Digital republication of the 1859 Origin
I am republishing the 1859 copy of Darwin’s Origin of Species, published by John Murray. Plain text was obtained from the Oxford Text Archive and proofread three times against the facsimile of the 1859 text edited by Ernst Mayr. The plain text is then typeset with LaTeX. The resulting text is a word-for-word replica of the 1859 Origin in PDF. The typography is in a more modern style than that of the Murray publication, but markers indicating page breaks in the original text are dynamically inserted into the PDF document.
The text is currently undergoing its third round of proofreading. Completion of the final draft of the text is anticipated in June 2010.
This text is intended for two uses.
- Offer the general reading public a lightweight, professionally proofread and typeset copy of the Origin. A range of formats are planned, including PDF’s sized to read on an iPod or iPhone and E-Book encodings.
- Offer informatics researchers access to a plain-text copy of the Origin. This plain-text can be searched with text-processing tools to identify key words and patterns. Passages identified by these methods can be highlighted by the text processor, and the entire text typeset, with this additional markup, into a human-readable form. This approach takes advantage of the speed, accuracy, and flexibility of a machine reader and the readability of a text which looks like a print book.
Documents
The appendices to the text are available for download. These include the editor’s statement on the methods used to produce the text and an argument for the need for such a text, the text’s licensing and permissions, and the release history and to-do list.

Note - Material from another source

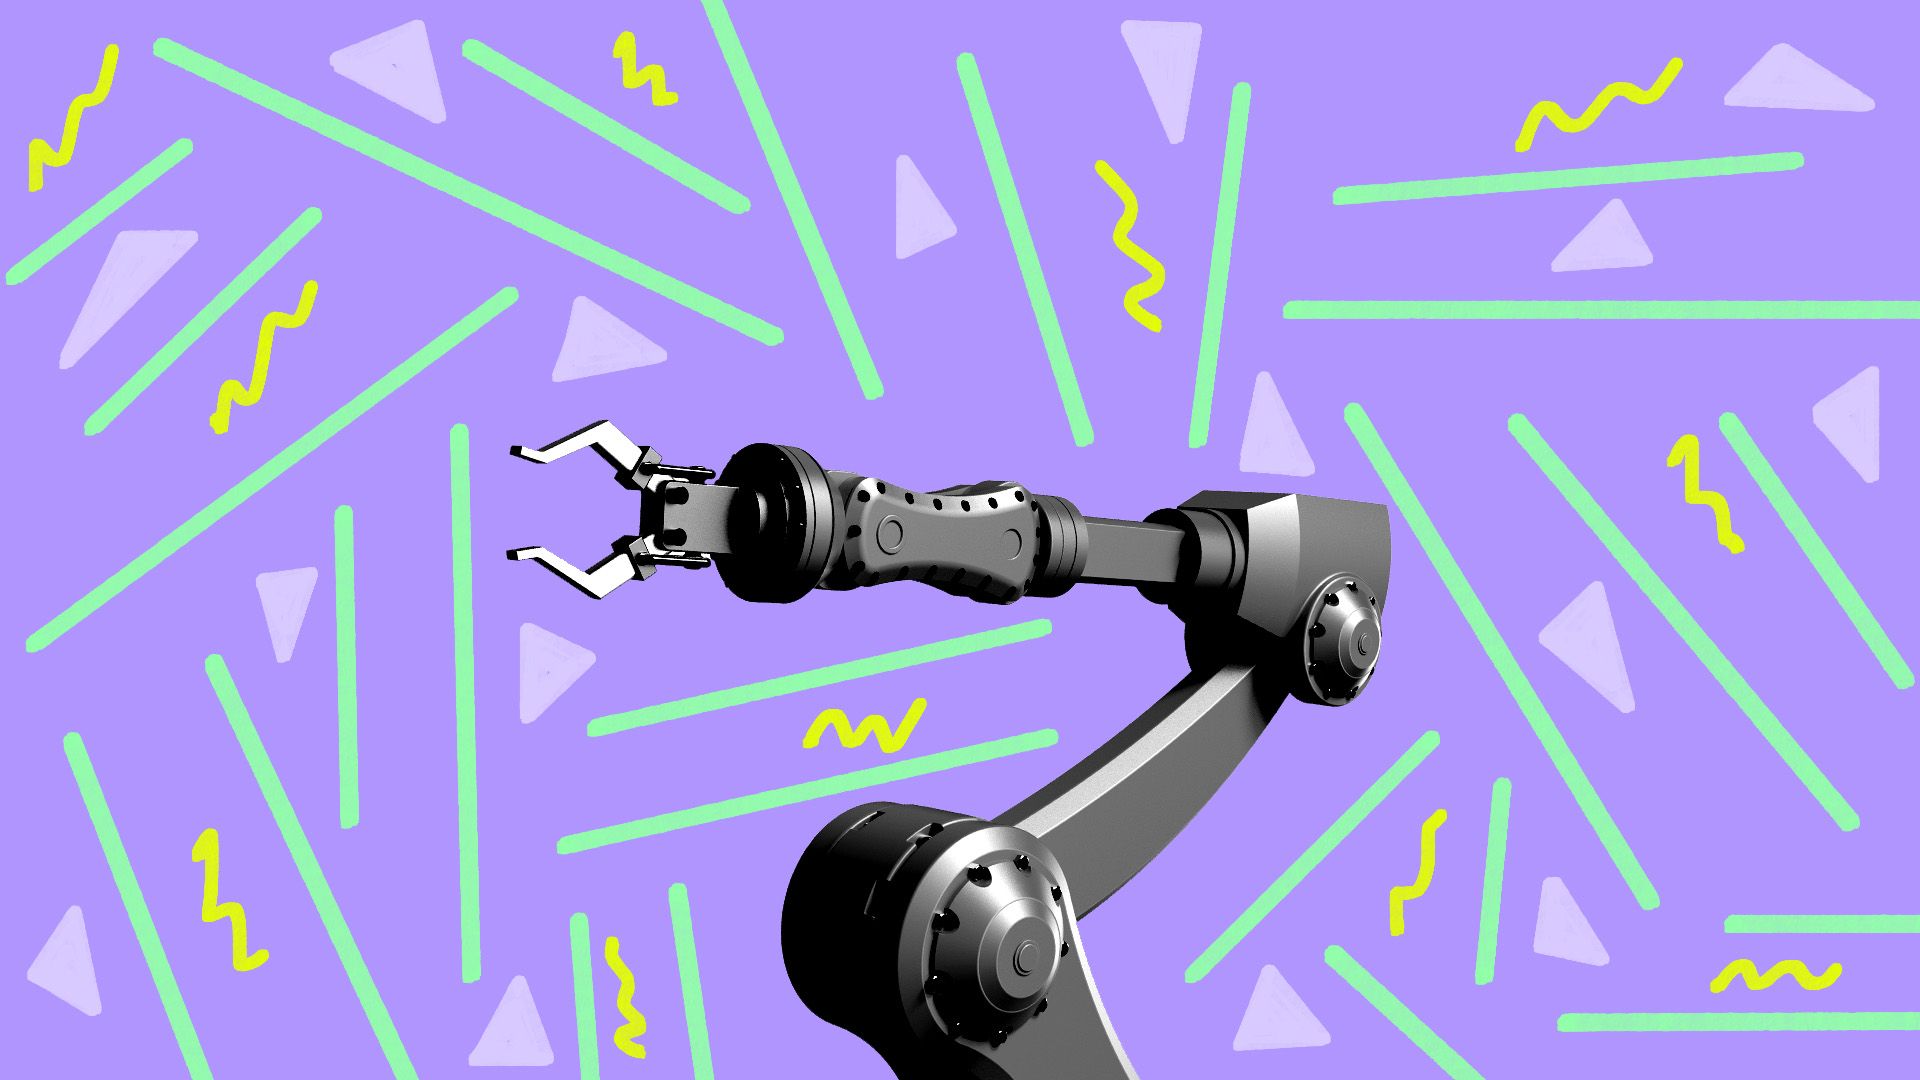 A mechanical arm

The very curious can browse the svn repository, but be warned: the text is still in draft form, much of it only having been proofread twice, and the document design is still fluid. LaTeX documents are not guaranteed to be well-formed.

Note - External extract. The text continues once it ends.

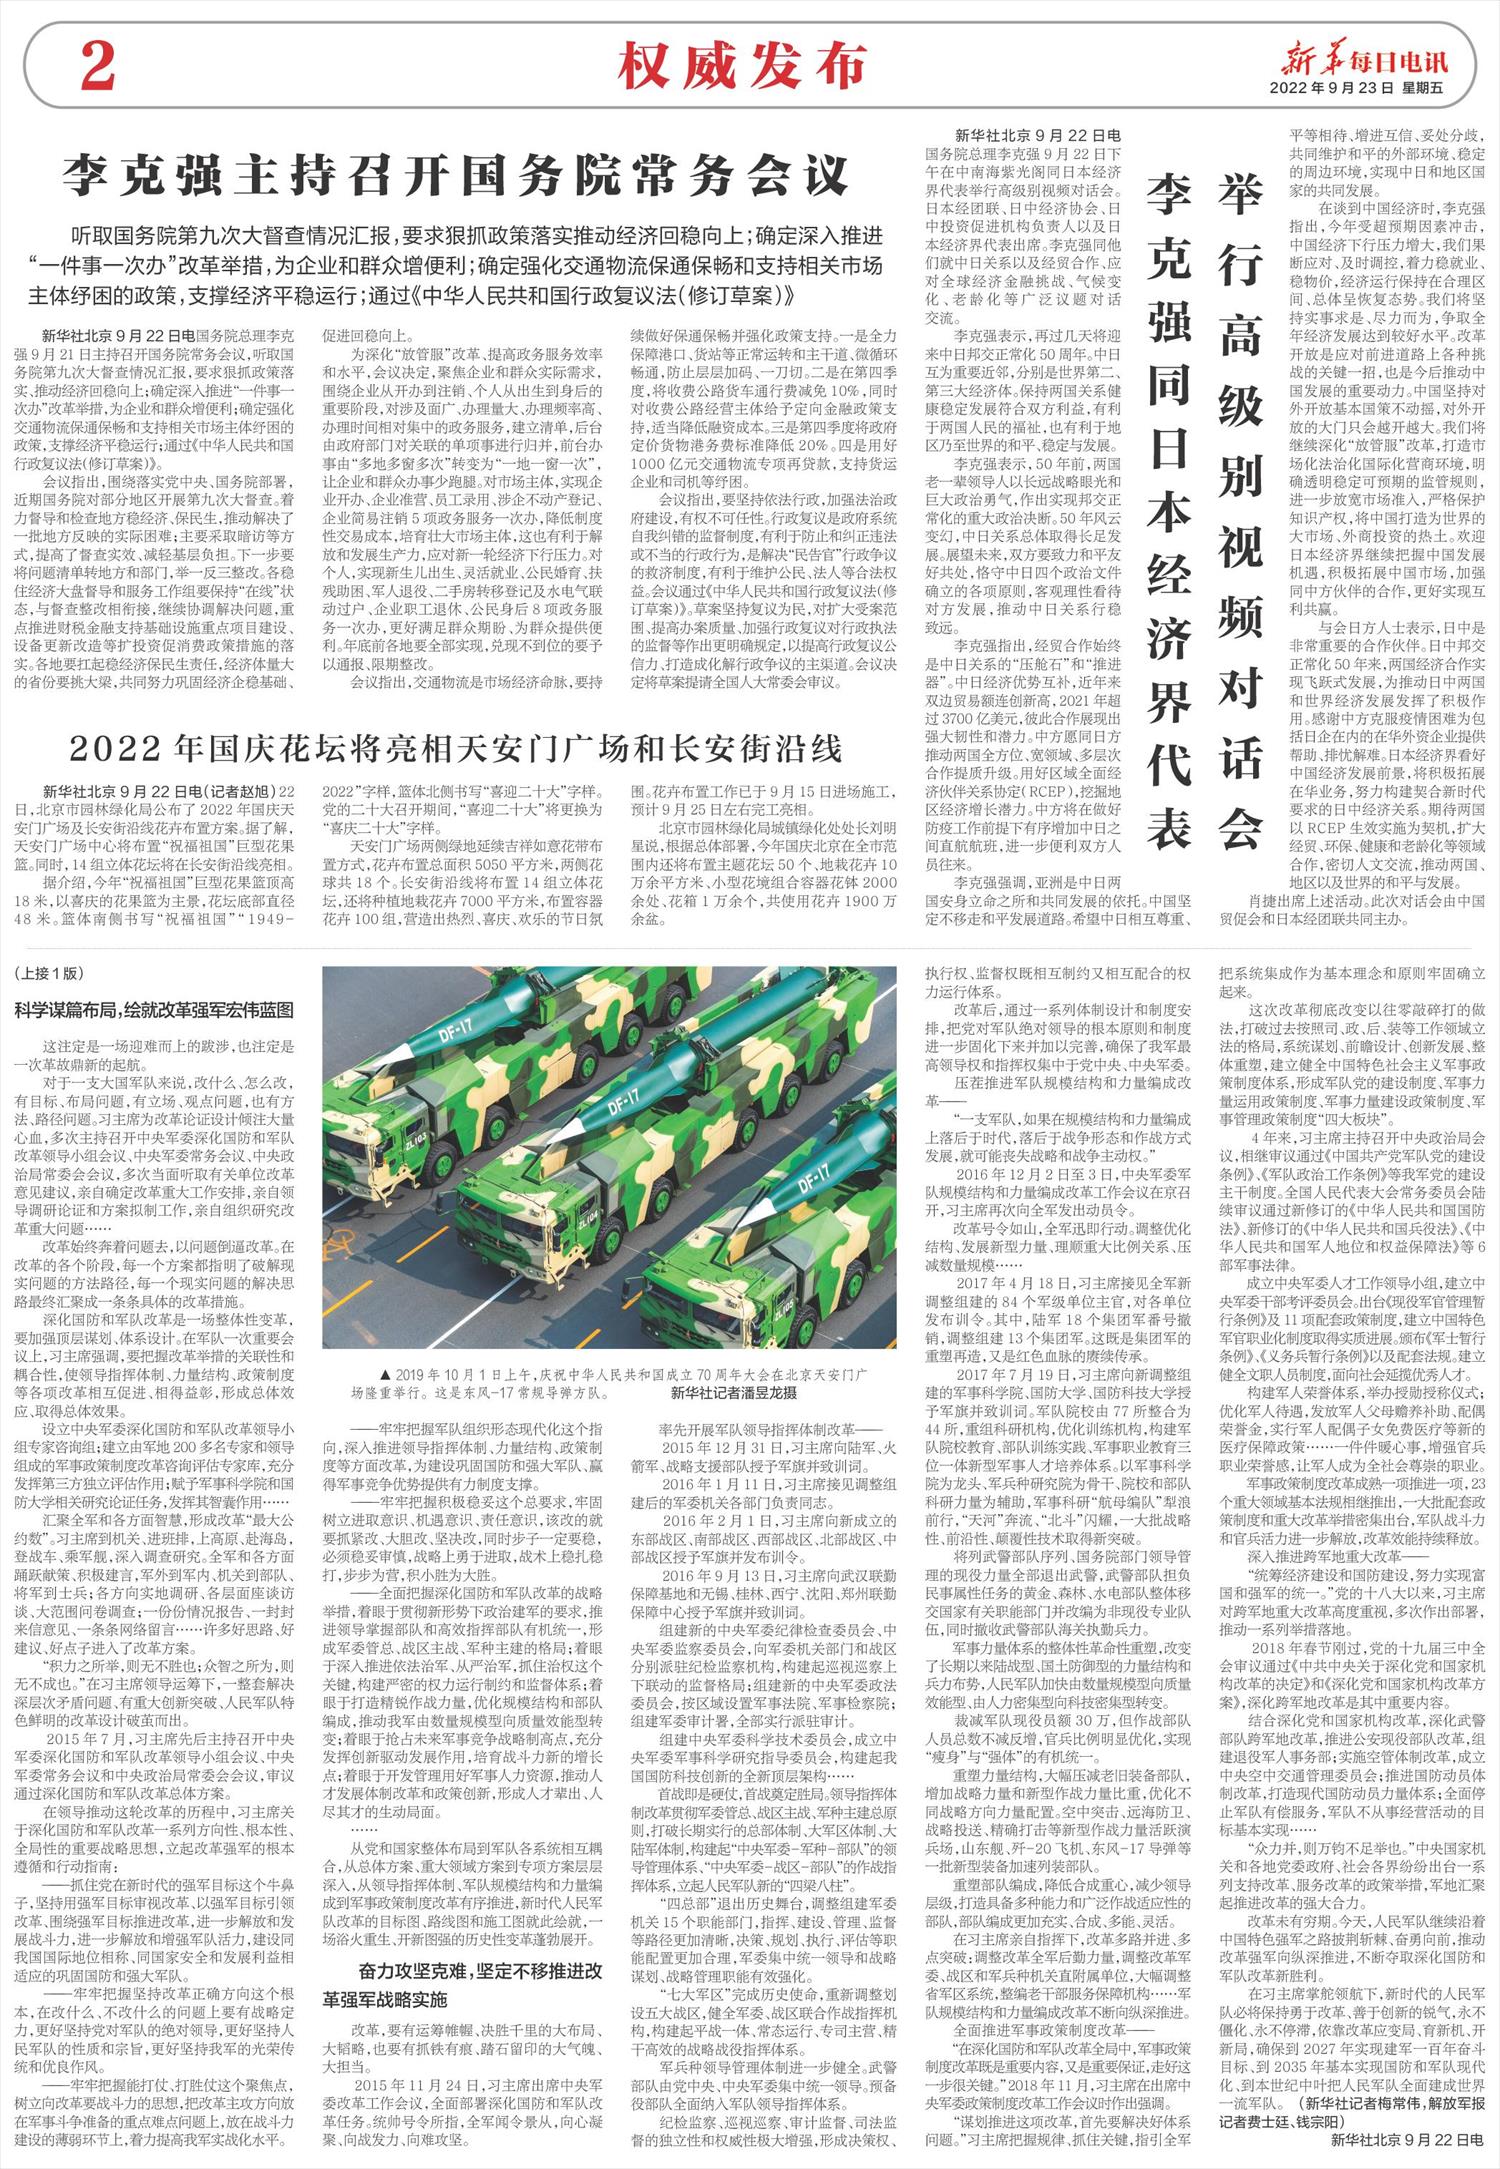 新华每日电讯-微报纸-2022年09月23日

Literature of evolutionary biology
I am creating a comprehensive bibliography of works about evolutionary biology: the scope of the bibliography encompasses any work published on the subject since Darwin, and also includes works by those recognized to be Darwin’s predecessors. At present, the bibliography is at an early stage. It contains a mere 3,500 or so records. Nonetheless, these records are highly significant, because they include records for works referred to by Darwin in his correspondence and also works he owned. Extracting relevant records from the 16 million or so records in PubMed is proceeding at present, and there are plans to extract records from WorldCat. Other mechanisms, such as the digitization and ingestion of print bibliographies, are being planned.
If a work is known to be held in the Biodiversity Heritage Library, a link is provided to the full text.
The bibliography is intended for informatics work (see above, “Ontology for evolutionary biology.”).
Documents
The bibliography can be processed with BibTeX using a custom style file, amnh-print.bst. A rudimentary interpretation of the various fields representing various attributes of the works will help users understand the meaning of the raw data.